Return the following data exactly, with all pictures left out.

DATASET CONTENT ▸
---
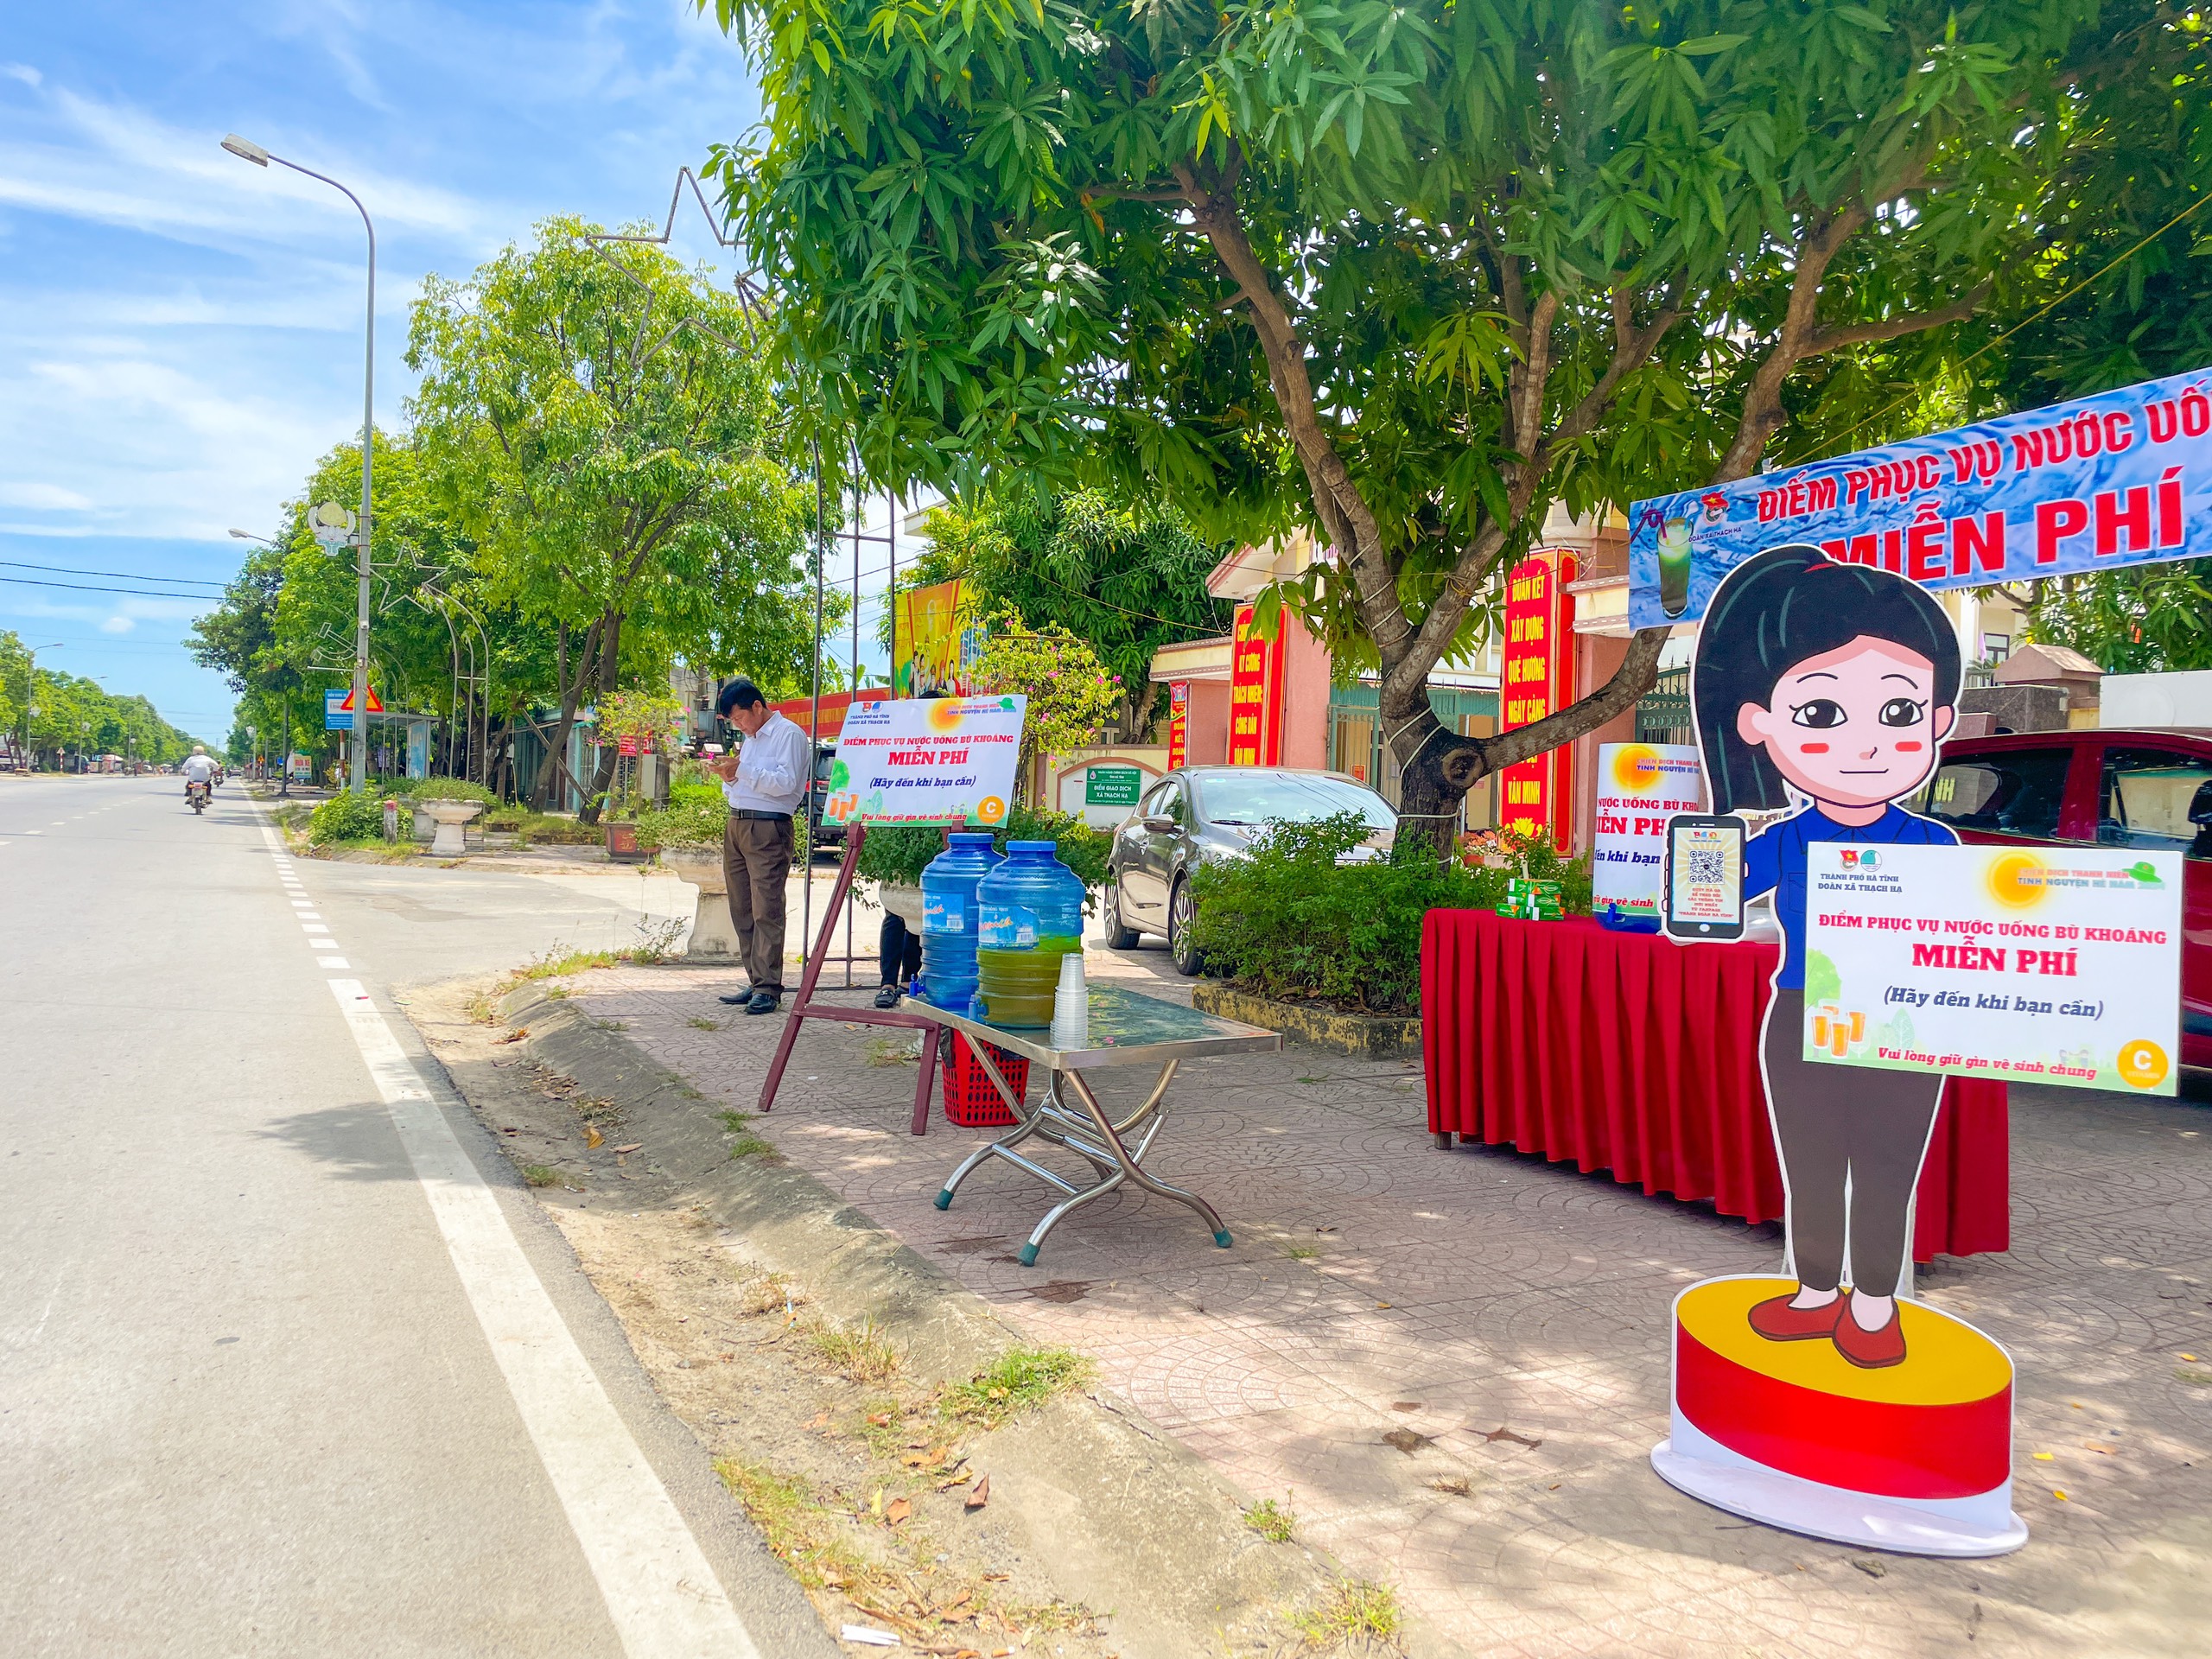 Tuổi trẻ Hà Tĩnh lập điểm cung cấp nước miễn phí giải nhiệt ngày nắng nóng
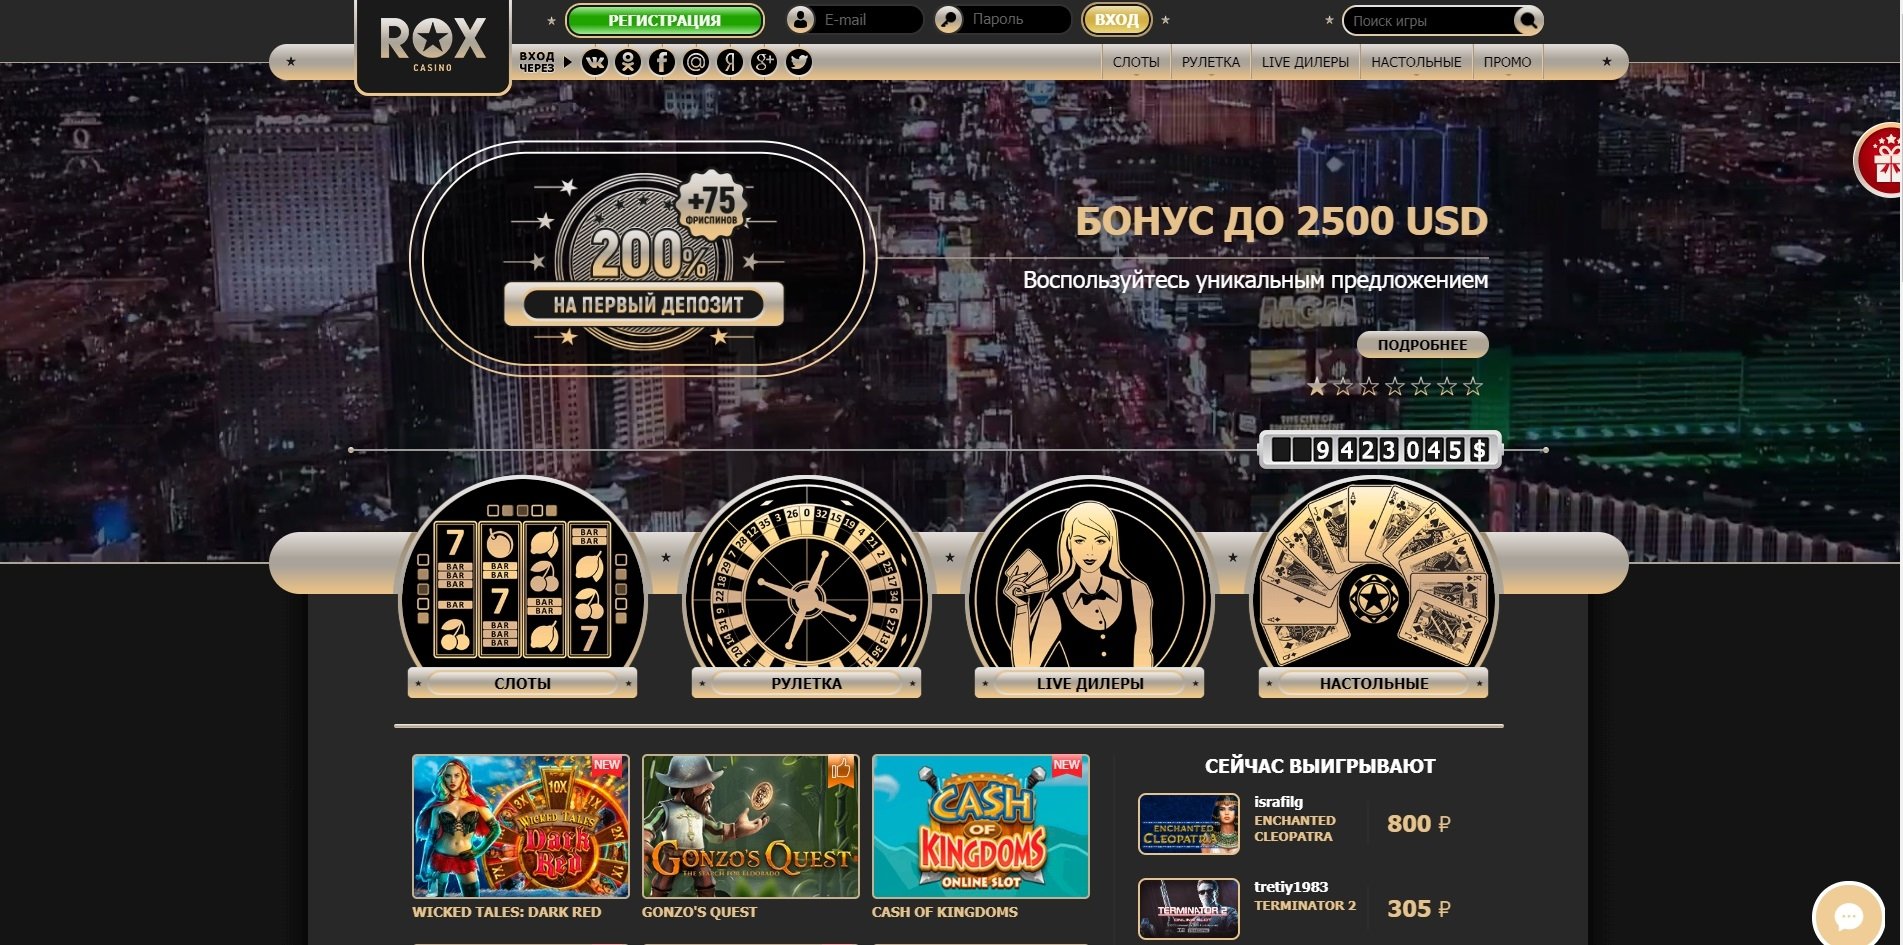 Топ казино онлайн rox лицензированный игровой клуб azino777
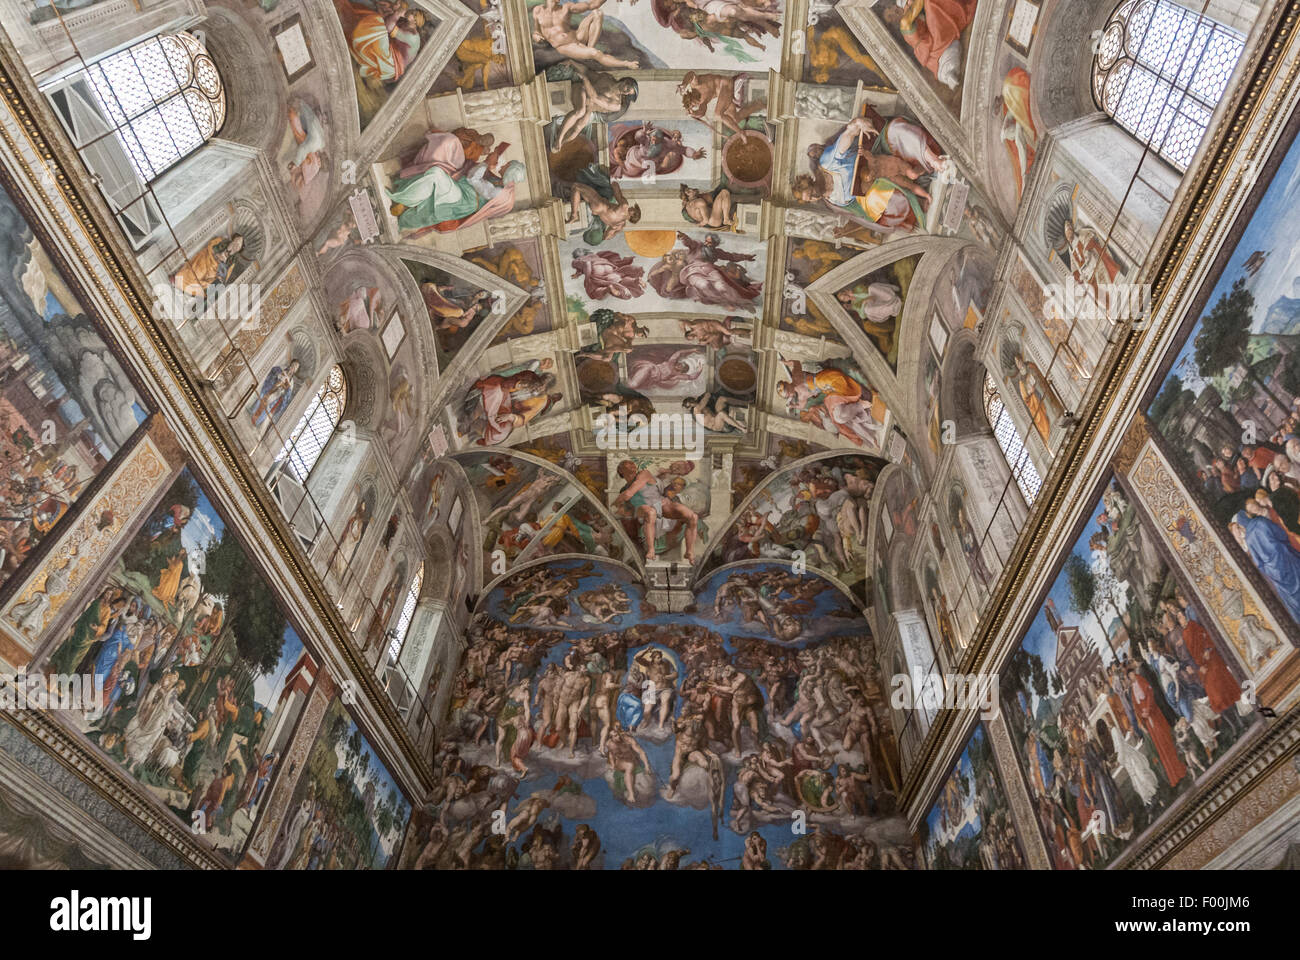 El techo de la Capilla Sixtina, pintada por Miguel Ángel. Los Museos del Vaticano, Ciudad del Vaticano, Roma, Italia Foto de stock
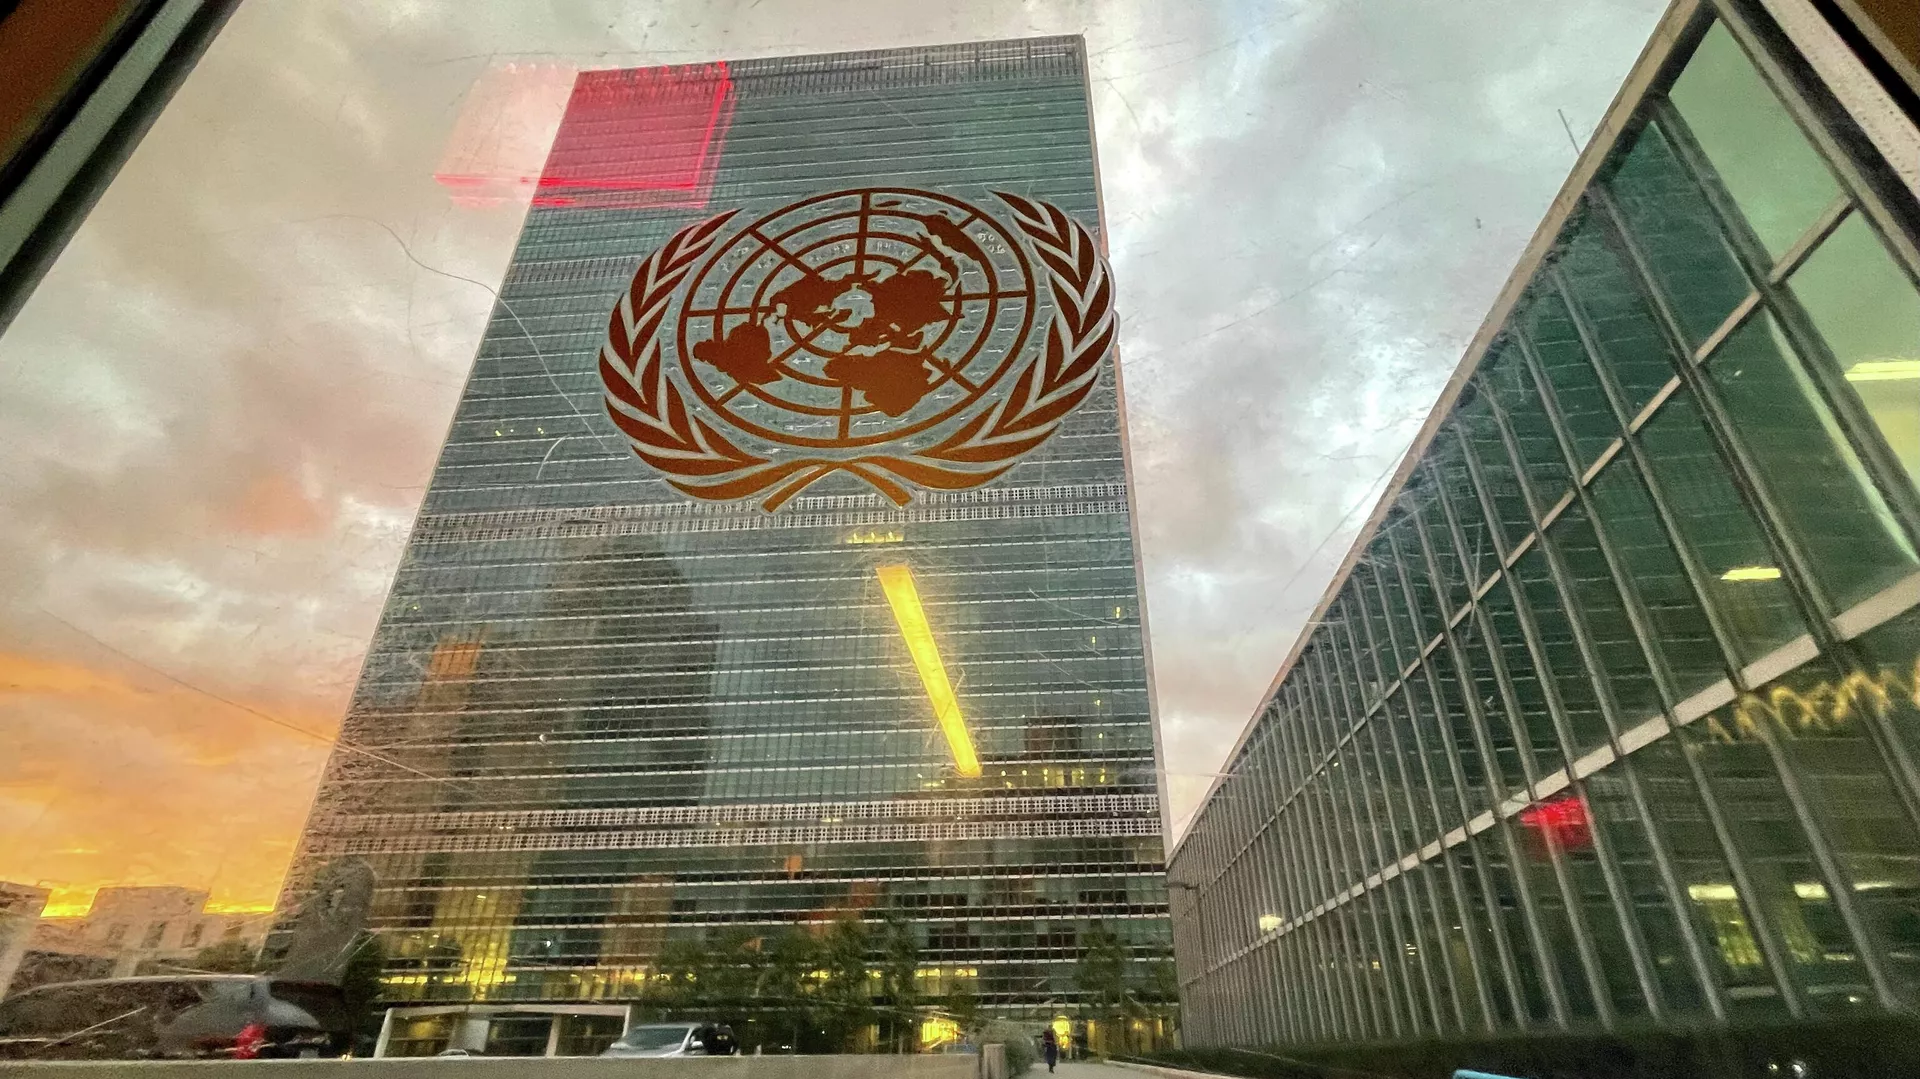 Германия запугивала страны-члены ООН, заявил Вучич
---
WORKED SOLUTION ▸
 Tuổi trẻ Hà Tĩnh lập điểm cung cấp nước miễn phí giải nhiệt ngày nắng nóng
 Топ казино онлайн rox лицензированный игровой клуб azino777
 El techo de la Capilla Sixtina, pintada por Miguel Ángel. Los Museos del Vaticano, Ciudad del Vaticano, Roma, Italia Foto de stock
 Германия запугивала страны-члены ООН, заявил Вучич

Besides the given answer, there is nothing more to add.